Just up fron the old shop, on the same side of the road, is what looks like a new house but is a renovation of the mid-nineteenth century Baptist Chapel which closed some few years ago.

Above the bend in the hill is Home Farm, the only fully working farm left inside the village. Some farmhouses were built outside the village as a result of the mid-eighteenth century enclosure of the open fields, and the land is still worked from them.
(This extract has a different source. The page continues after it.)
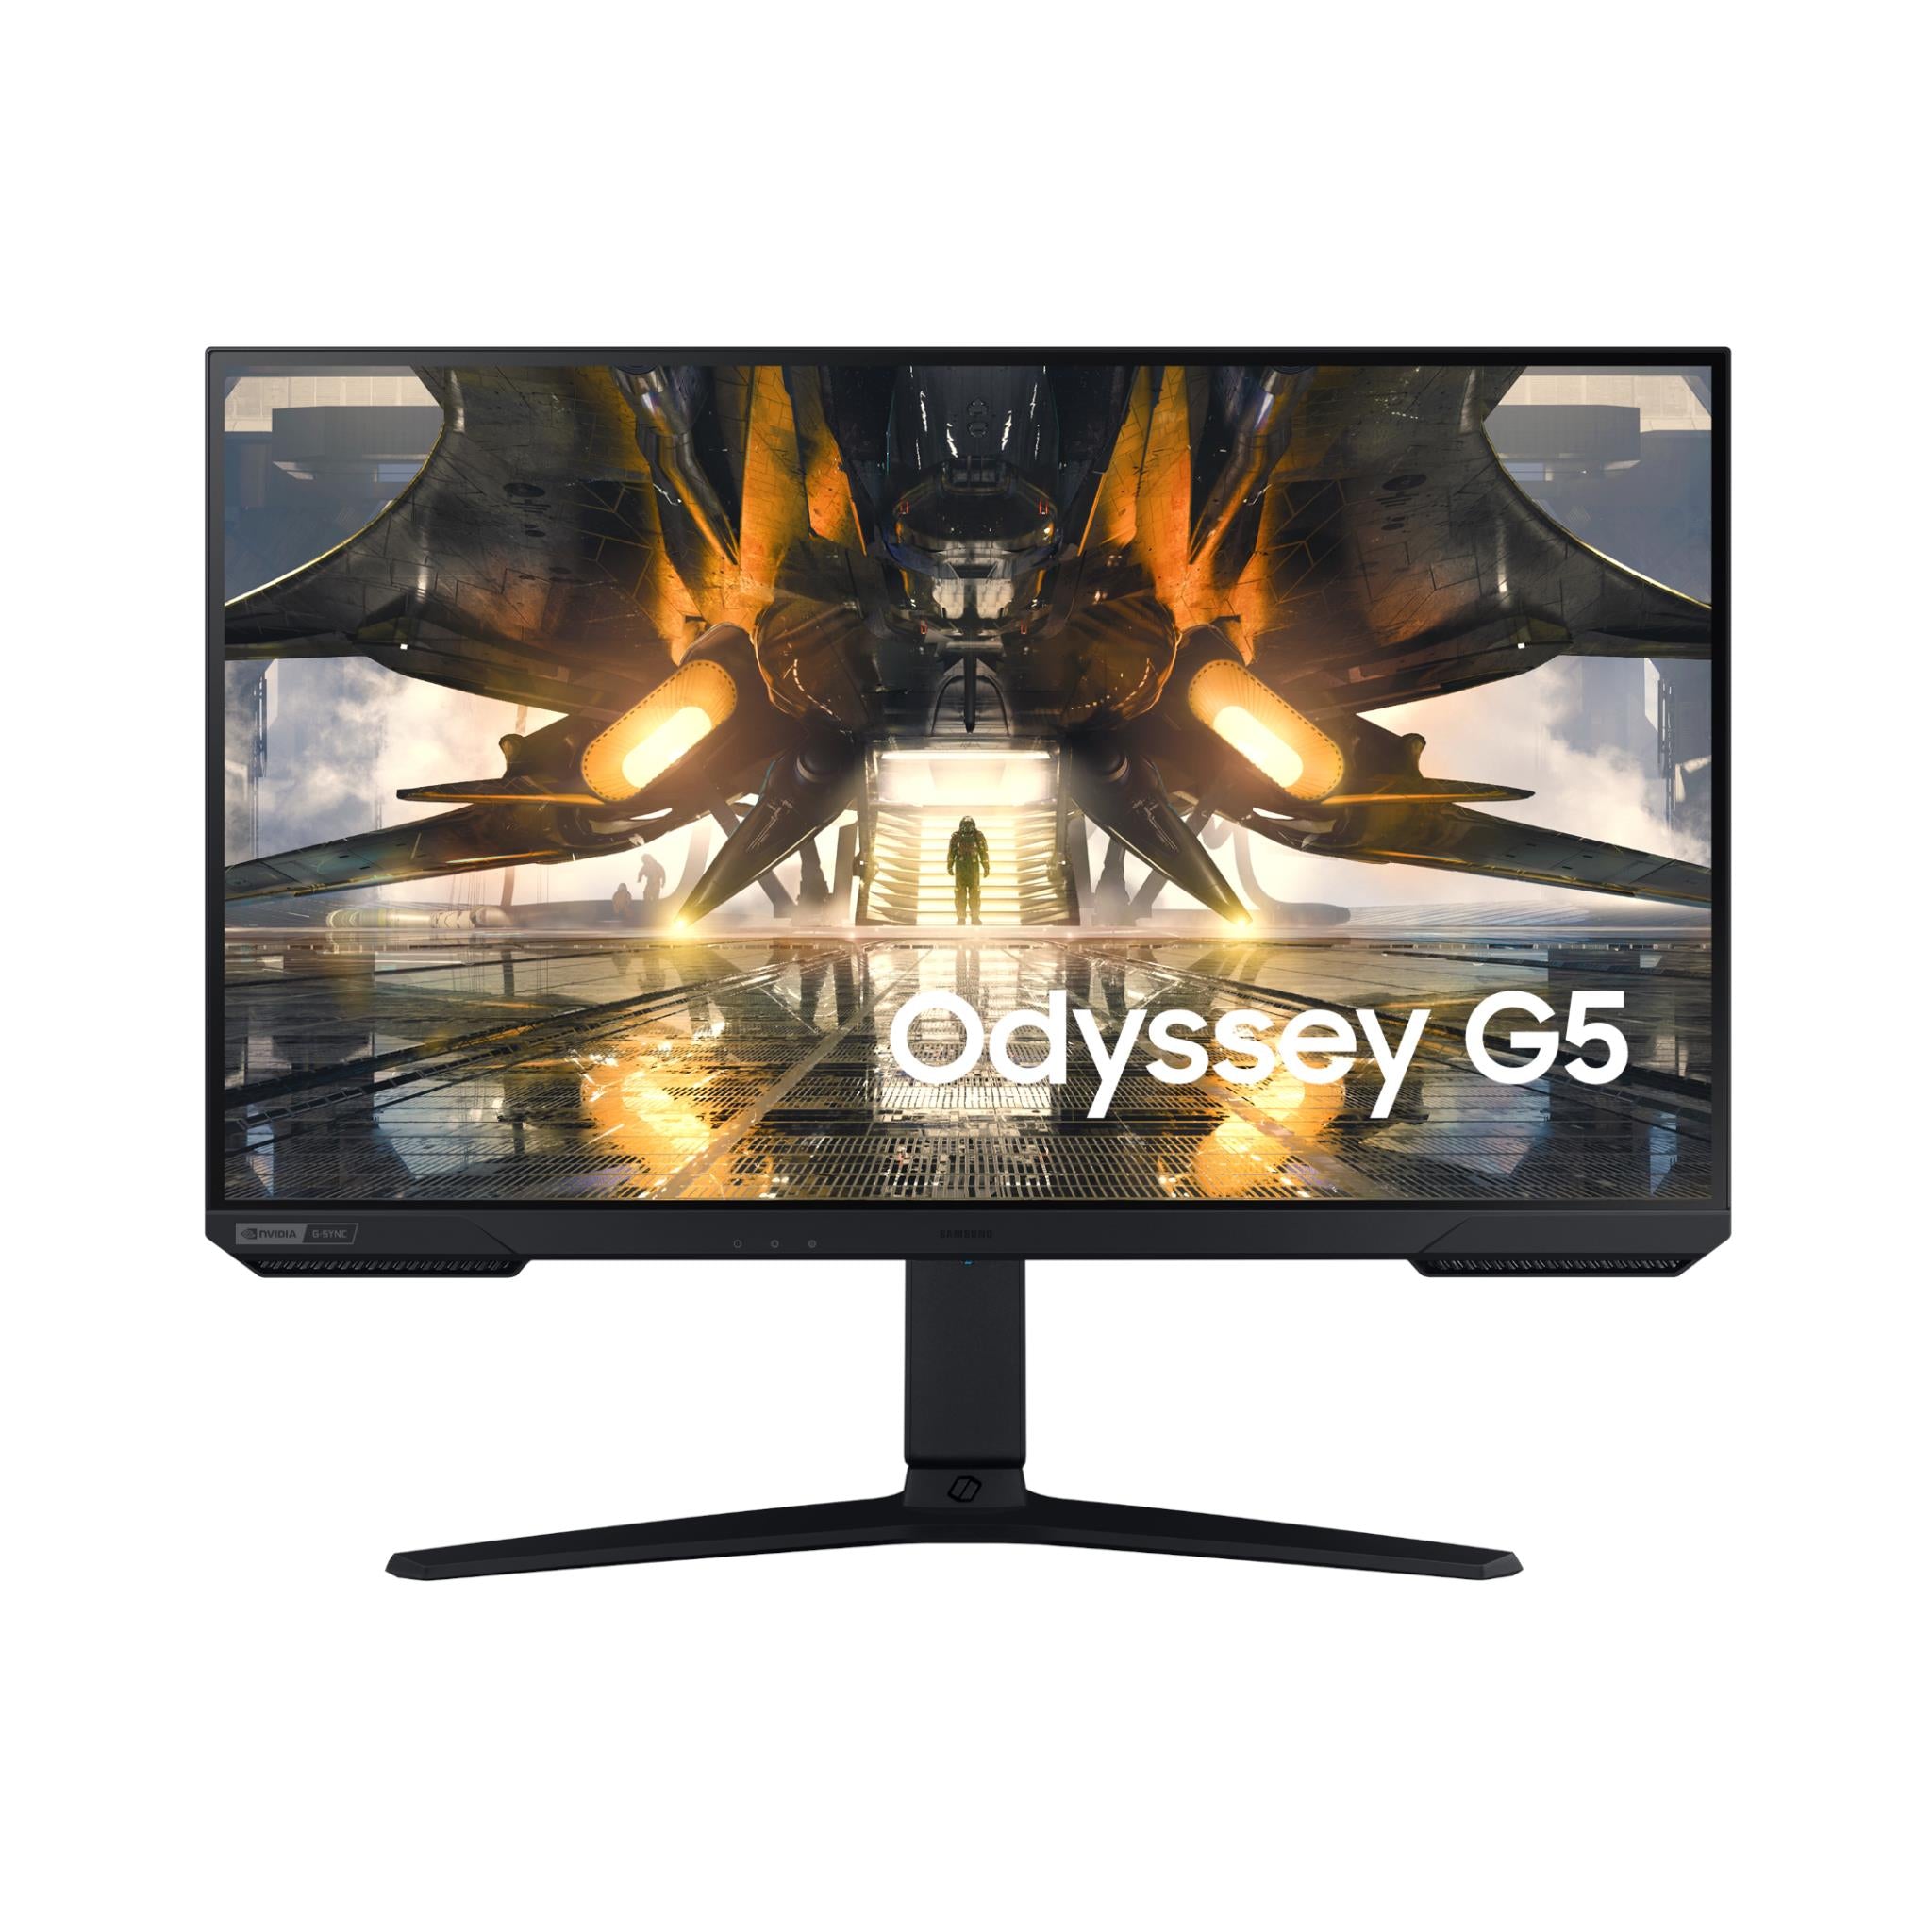 samsung odyssey g50a 27" qhd gaming monitor

On the right you will find Field Way, at the end of which is Field View House.

 

Long Acre doorway

Doorway of

Long Acre

     

Then comes what is known as "The Square".  Look to the right of it and see Long Acre.  Here, and in several houses in Helmdon, are stone features obviously cut for more prestigious houses and used because the masons had odd bits of masonry left on their hands - or the stone could have come from Astwell castle which was drastically reduced in size in the last quarter of the eighteenth century.

Proceeding down Cross Lane you will pass by the house called The Old Manor, and thence to the Old Cross on the left at the end, which used to be a public house.

A path in front of the Old Cross leads to the Jubilee Wood.

 

The footpath to Astwell
The footpath to Astwell
Three deserted villages, Falcutt, Stuchbury and Astwell lie on the fringes of Helmdon.

The village straddles a network of old footpaths, routes to Weston and Weedon Lois, and Wappenham, Radstone, Whitfield, Astwell, Crowfield, Halse, Falcutt, Stuchbury and Sulgrave. The central ones are much used.